Boats to Bintan’s Tanjung Pinang (every 30 minutes from 7.30am to 5.50pm) take 45 minutes. There are also boats to Bintan’s Lagoi resort area (three times a day).
To Elsewhere in Indonesia
The main reason travellers come to Batam is its links to the Sumatran mainland. Dumai Express and Surya Gemilang Jaya are the best of the domestic carriers.
Boats leave from Batam’s Sekupang terminal to Pekanbaru (6 hours, two morning departures). In order to make the connection without spending the night on Batam, you’ll need to catch the first ferry from Singapore at 7.30am and assume that the Indonesian boats are running late as usual.

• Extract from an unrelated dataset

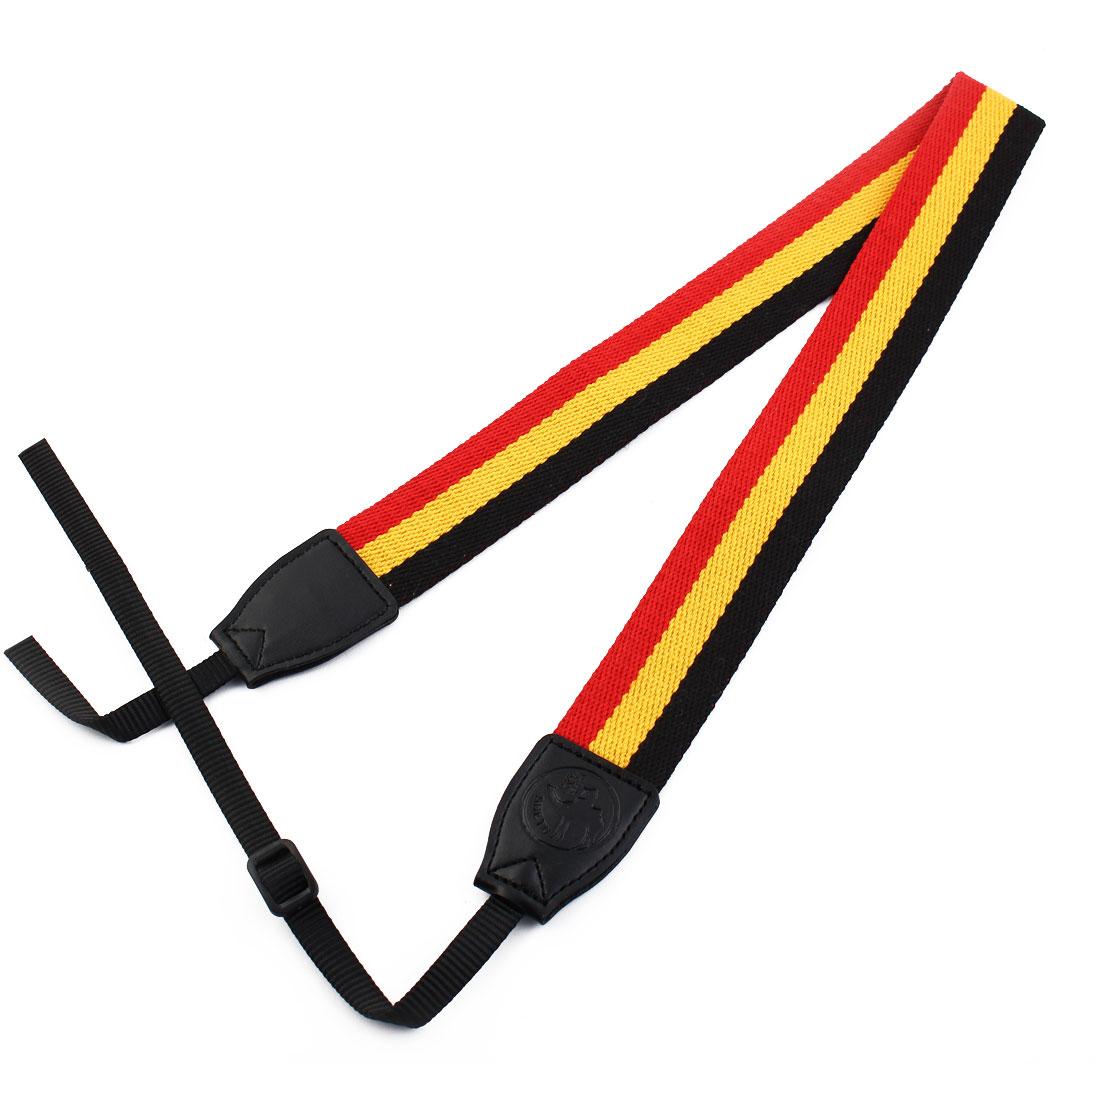 SHETU Authorized DSLR SLR Camera Anti-slip Shoulder Neck Strap Belt Red Black

There are also two morning boats from Sekupang to Dumai (6 hours), one morning boat to Kuala Tungkal on the Jambi coast and three boats weekly to Palembang (8 hours).
Other destinations from Sekupang port include Karimun (1 hour, every hour from 8am to 4pm) and Pulau Kundur (2 hours, every hour from 8am to 2.30pm).
Pelni ships pass through Batam to and from Belawan (the port for Medan) and Jakarta. The tickets can be bought at the domestic ferry terminal or at travel agencies in Nagoya.
Singapore
Frequent services shuttle between Singapore and Batam, taking between 25 minutes to 45 minutes depending on the pier. Penguin has the biggest and fastest ferries (25-minute crossing).
Sekupang is most widely used by tourists because the terminal that receives boats from Singapore’s Harbourfront Centre is next door to the domestic terminal for transfer to the Sumatran mainland. The boats to Singapore run approximately every hour from 6am to 6.45pm, and to Batam from 7.30am to 8pm. Batam Center and Waterfront City have services only to/from Singapore’s Harbourfront Center.
The last boat to leave the island departs from Batam Centre at 9.30pm. Waterfront City’s schedule is fairly limited, with only four departures per day. Ferries to Nongsa shuttle back and forth to Singapore’s Tanah Merah, with eight departures per day between 8am and 8pm.
At Sekupang port don’t buy a ticket from the many touts and refuse any offers of ‘assistance’ to see you through immigration.
Getting Around
Taxis are the primary way to get around. Sample fares are as follows: from Sekupang to Nagoya (45 minutes) and Batam Centre to Nagoya (30 minutes).
Blue-and-white bemo shuttle between Nongsa and Nagoya. There’s also a public bus from Telaga Punggur to Nagoya.